The access to vast libraries of films and series is undoubtedly appealing, yet the conditions tied to these digital assets often become apparent only when services close, change ownership, or alter their terms – as seen in a few similar cases in the past.

Ultraviolet, a US digital video service, allowed users to buy movies, but shut down on July 31, 2019, asking users to transfer their purchases to other platforms if they wanted to keep them.

On Amazon’s Prime Video, some Disney Christmas specials that had been bought by users suddenly became unavailable a few years ago, showcasing that digital purchases could vanish due to licensing issues.

Warner Bros. also created a stir when it removed content from users’ digital libraries without warning. For example, a user found that two seasons of the cartoon Final Space they had bought on Amazon’s Prime Video were removed, hinting at the fragile nature of digital ownership and the control platforms have over content, even after it’s been purchased.

These examples, along with TalkTalk’s upcoming closure of its TV store, point out a worrying pattern in the digital media world.

While buying digital content is easy and convenient, there’s a catch – the sense of ownership can be temporary and can change without warning, making the digital media space something to approach with care and understanding

TalkTalk’s Current TV Offer Explained

As mentioned, the closure of TalkTalk’s TV Store will not affect TalkTalk’s streaming TV platform.

TalkTalk currently has two separate TV offers, with two different boxes – one for “regular” (Fibre To The Cabinet) customers, and one for Full Fibre customers.

They all accompany the company’s broadband plans, so you can’t sign up for TalkTalk TV without being a TalkTalk Broadband customer.

TalkTalk TV Option 1: The Netgem Box

The 4K Netgem box from TalkTalk includes a variety of streaming apps (including Amazon’s Prime Video, Netflix, ITVX and more), and – by connecting an aerial – it can also be used as a Freeview box, with recordings possible via an optional USB stick.

Netgem devices official 1200

This is first and foremost a streaming box, so it needs to connect to your broadband via WiFi. Then, you can use its streaming apps and on-demand players.

The Netgem box from TalkTalk costs £5/month, as of this writing.

Do note that you’re not getting any TV content subscriptions included in the price – so you’re basically paying for the box and its software – but you can add NOW’s memberships on top.

TalkTalk TV Option 2: The Android TV Hub

In 2022, TalkTalk launched another TV box – the TalkTalk TV Hub which is a 4K / Dolby Atmos Android TV-powered box.

TalkTalk Android TV Box
TalkTalk’s Android TV Box

The Android TV Hub supports Freeview (when you connect an aerial), Freeview Play (via broadband), as well as thousands of apps that are currently available on the Google Play Store – from the big streaming services like Netflix, Disney+, BBC iPlayer and more – to smaller, niche apps and services.

The Android TV box also has built-in Chromecast support – so you can “cast” videos and streaming services from your phones – even some that don’t have a native app on the box.

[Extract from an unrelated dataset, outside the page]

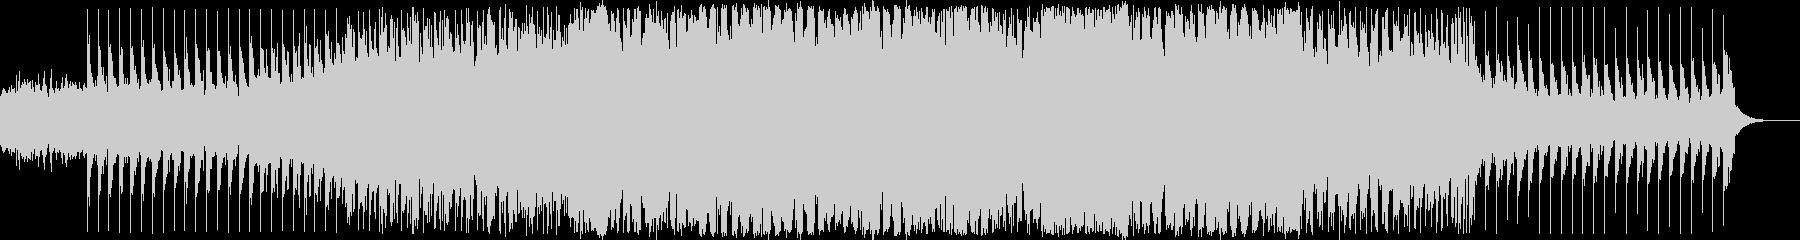 EDM系ダンスミュージックの未再生の波形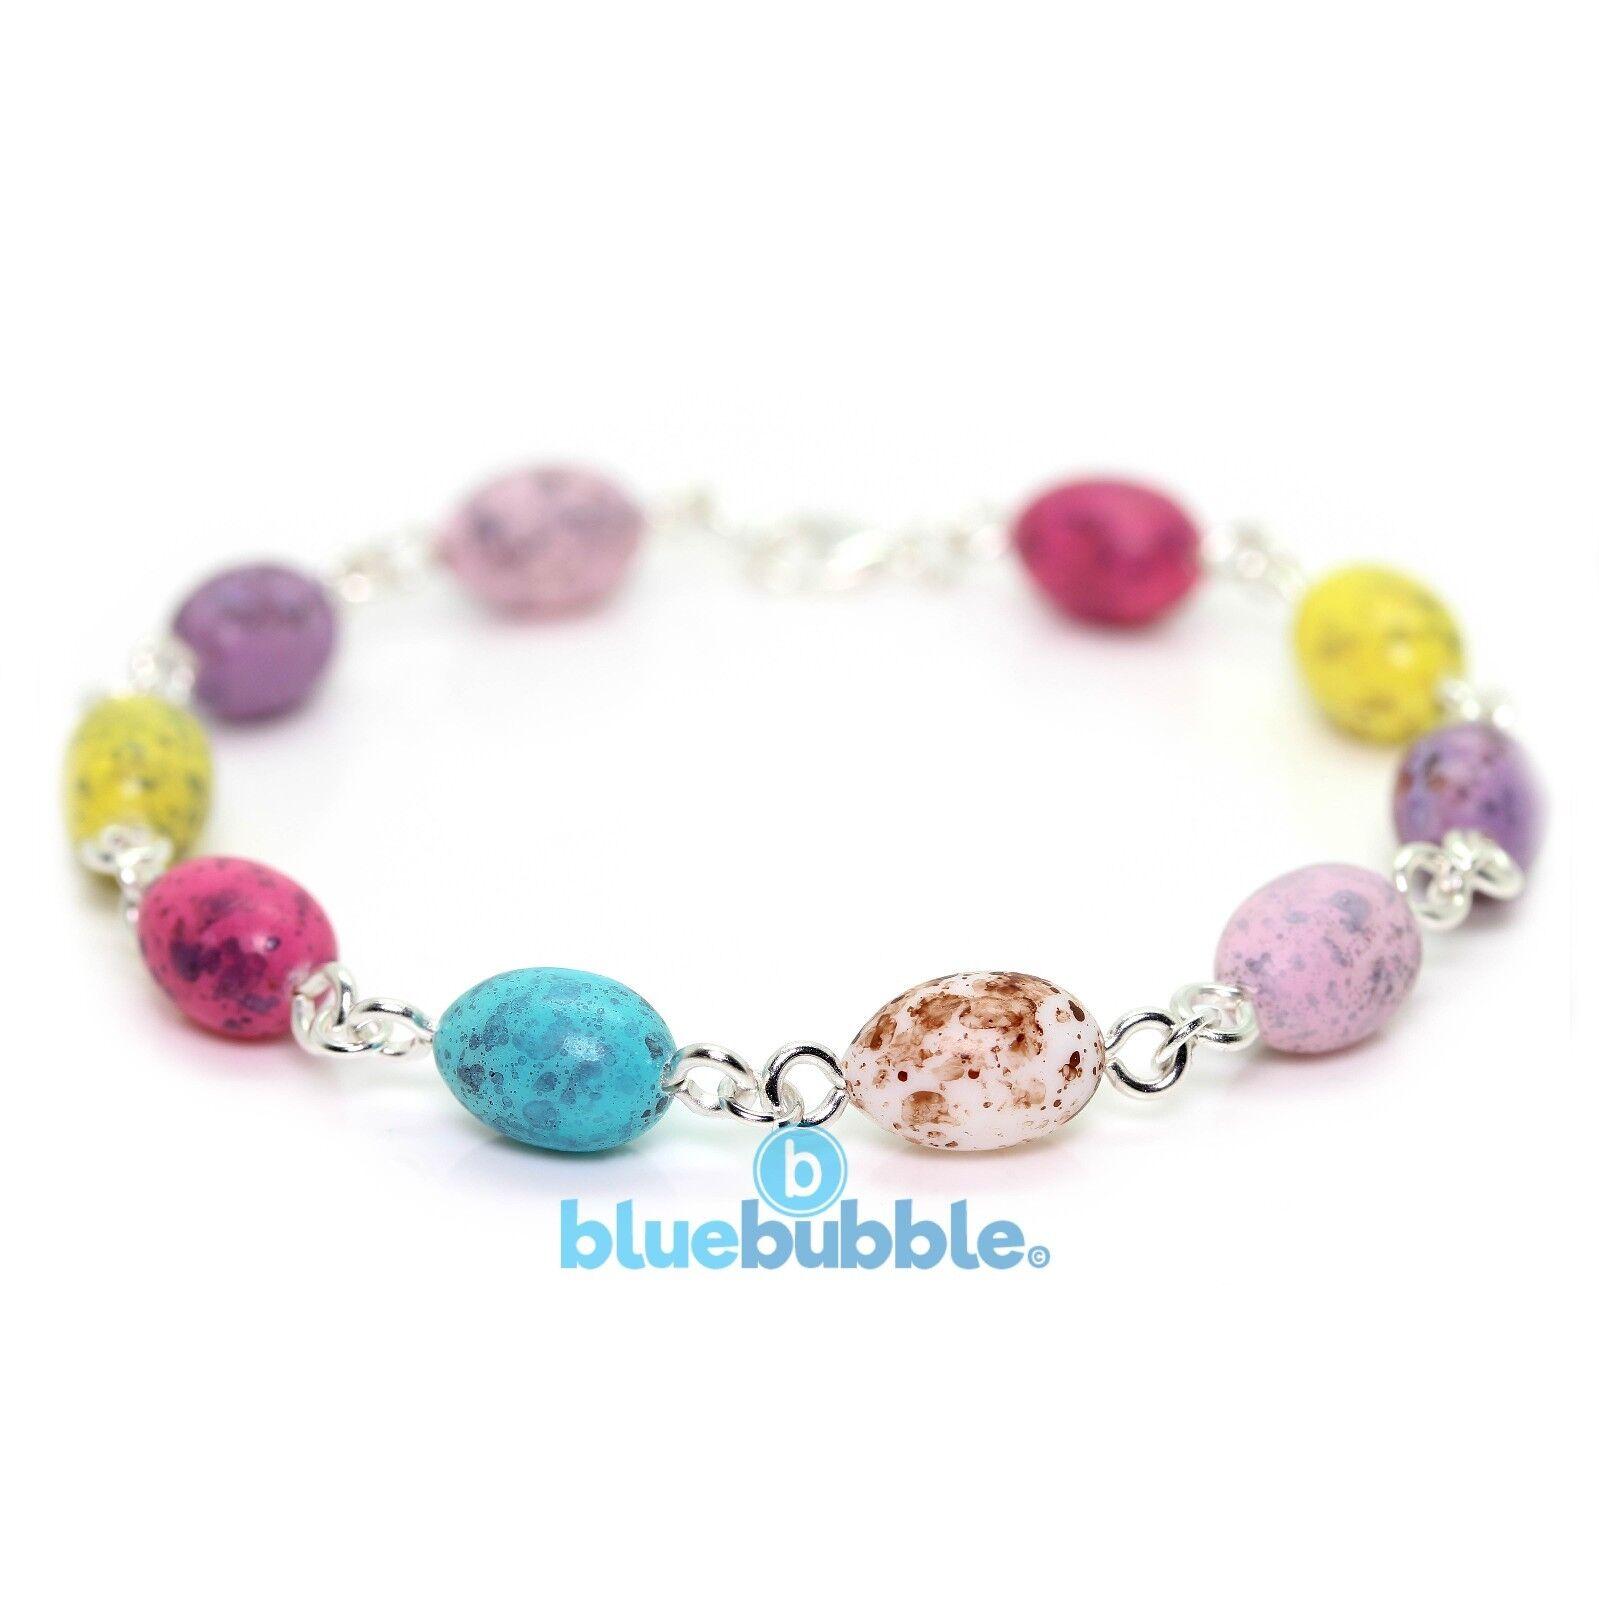 Bluebubble MINI SWEET TREAT Bracelet Cute Kawaii Novelty Fun

Unlike the Netgem box, TalkTalk is only offering the Android TV Box to broadband customers with Full Fibre plans – so it’s not available to all customers.

The Android TV Box normally costs £5/month, with a one-off £25 setup fee (which is waived with the current limited-time offer).

Recently, TalkTalk launched a new offer with Sky’s NOW, giving customers the opportunity to add a NOW Entertainment Membership to their TalkTalk TV package for a combined total of £9.99/month (£5 for the box and £5 for NOW), saving £60 per year.